Ignacio Camacho-ABC

  • El arte cristiano no sólo provoca emoción estética; preserva el relato espiritual que articuló la construcción europea

Ha querido el ¿azar? que coincidiesen en el tiempo tres celebraciones especiales del catolicismo europeo. La reapertura de una Notre Dame deslumbrante resurgida del fuego, el congreso mundial de hermandades y piedad popular en Sevilla y el encendido del árbol y el belén en la Plaza de San Pedro. El símbolo de la Francia cristiana, la manifestación multitudinaria de la devoción del pueblo y la tradicional liturgia romana del Adviento. Una descomunal operación de Estado, un despliegue gigantesco de fe espontánea y el rito navideño en el corazón del Vaticano como demostración sincrónica de que la Iglesia de Cristo es el único ámbito religioso capaz de acoger en su seno a creyentes y agnósticos, a fieles y laicos.

Es cierto que Macron aprovechó para montar un espectáculo de propaganda con el que disfrazar la inquietante crisis republicana.
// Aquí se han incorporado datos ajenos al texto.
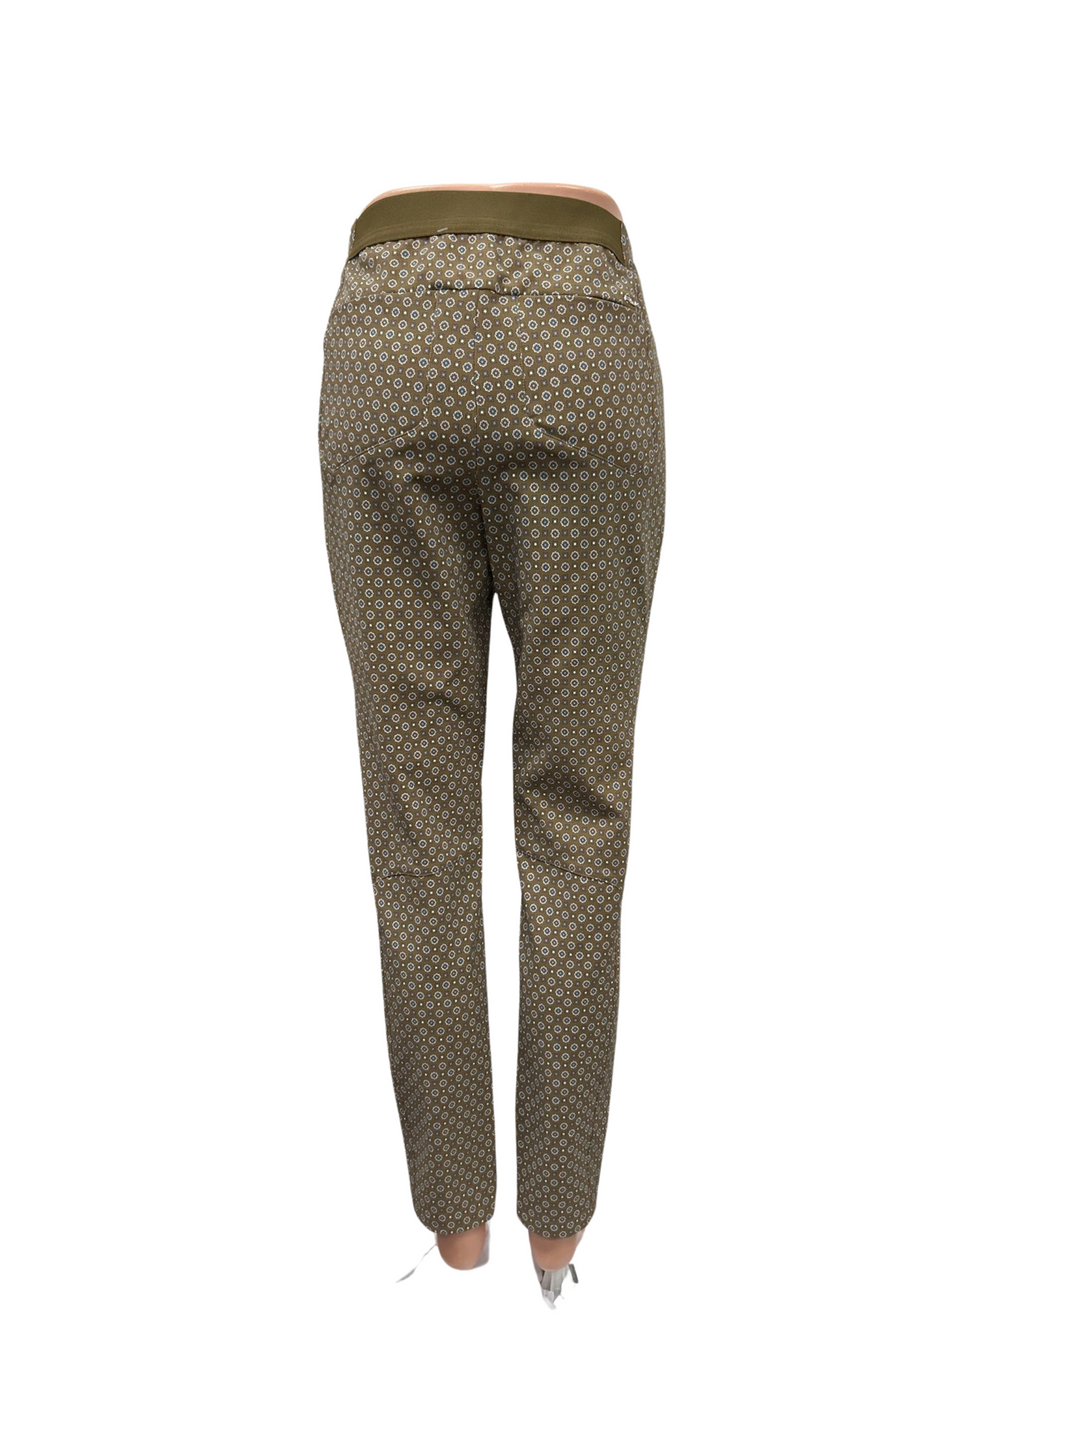 RLX Ralph Lauren Stretch Athletic Pant - Tile Petal - Size 4 - Skorzie
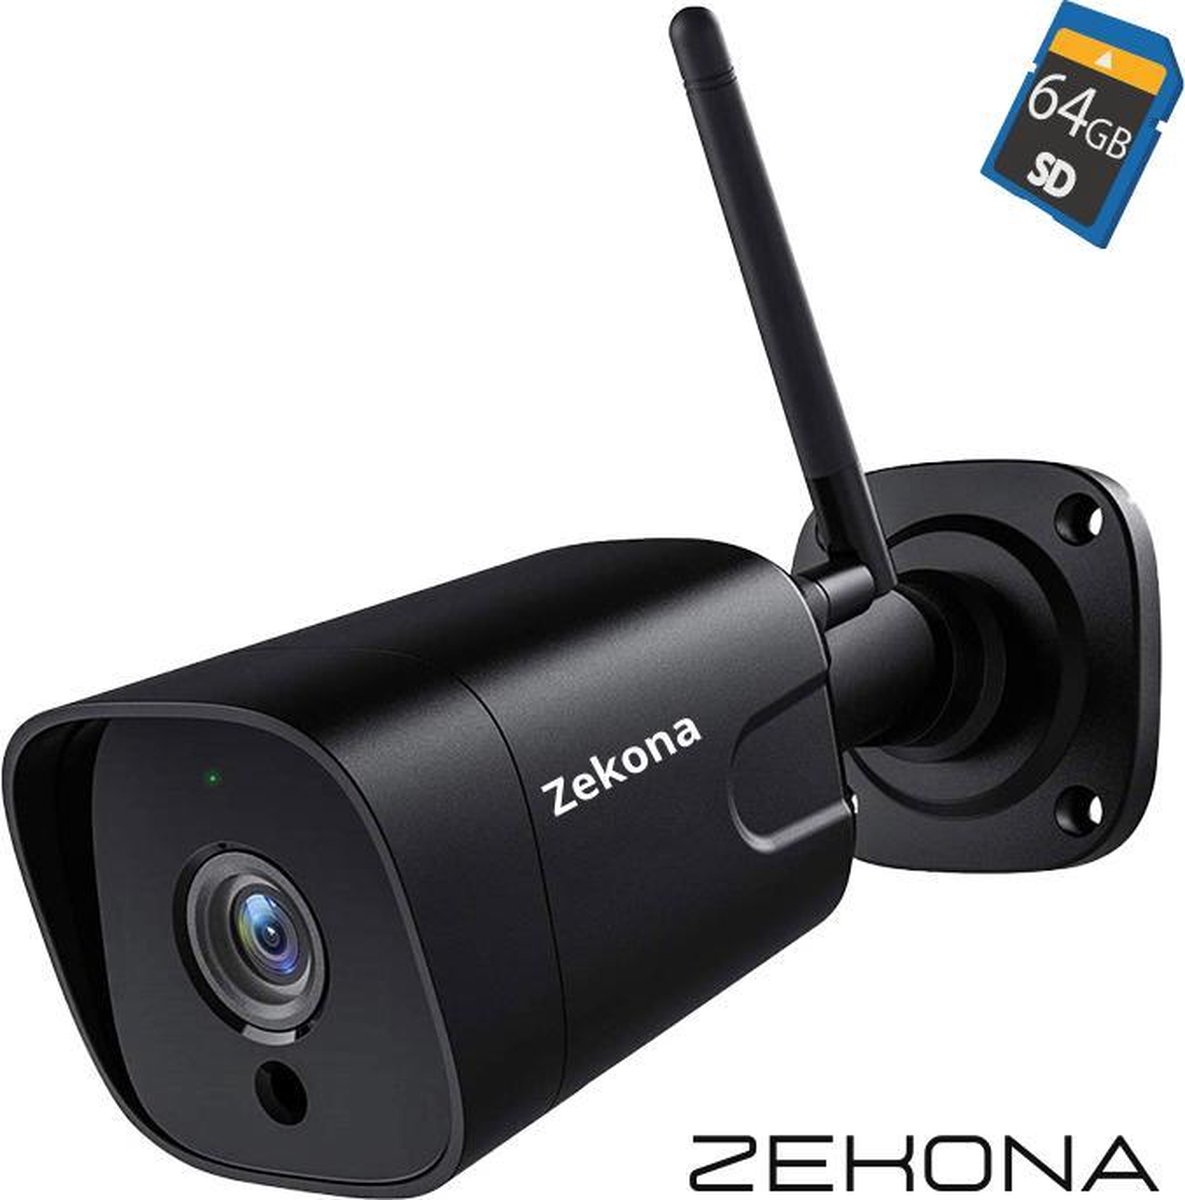 Zekona 30C - 5MP Beveiligingscamera voor Buiten & Binnen - Buitencamera met Nachtzicht tot 25m - Bewakingscamera Draadloos Buiten - Met Stalen Behuizing & IR Nachtvisie - 4x Digitale Zoom - Inclusief 64GB SD Kaart

Es verdad que por motivos de salud, diplomáticos o de otra índole inexplicada se echó en falta en París y en la propia Roma la presencia del Papa. (¿Por qué no hubo tampoco en la capital francesa ninguna representación oficial de España?). Y es probable que los sevillanos hayan caricaturizado su propio estereotipo sacando de golpe al Gran Poder, al Cachorro, a las dos Esperanzas y a tres patronas de localidades cercanas en una procesión extemporánea. Pero no es menos evidente que las tres ceremonias revelan una potente voluntad de expresar la fortaleza y el empuje de la espiritualidad mediterránea en una Europa crecientemente secularizada.

La coincidencia ha sido más o menos casual, pero entraña un mensaje. El de la persistencia del cristianismo como eje de una construcción política y social fundada sobre principios morales y capaz de convivir con otros credos, o con su ausencia, desde una actitud respetuosa, ecuménica, de integración tolerante. El de los ideales de trascendencia y de humanismo que continúan articulando la complejidad de nuestras sociedades a través de códigos éticos y culturales instalados en el sustrato de la identidad colectiva y de los sentimientos populares. El del perdón y la memoria como claves de una experiencia comunitaria transmitida a través de un legado histórico y patrimonial formidable.

Notre Dame es de todos. Nuestra. Como la columnata de Bernini, como la catedral de Colonia donde los Reyes Magos guardan el secreto de su leyenda, como la Compostela donde confluye desde hace siglos la médula del alma europea. Como la Piedad. Como la Macarena. El arte sacro, su arquitectura, su imaginería, su narrativa simbólica, han estructurado nuestra civilización, han representado su esencia, han desafiado sus crisis, han sobrevivido a sus guerras, han trascendido el tiempo con el orgulloso esplendor de su belleza. Y su conservación no sólo nos provoca una emoción estética sino que preserva el relato de lo que somos y sostiene el sentido de los valores de esta época.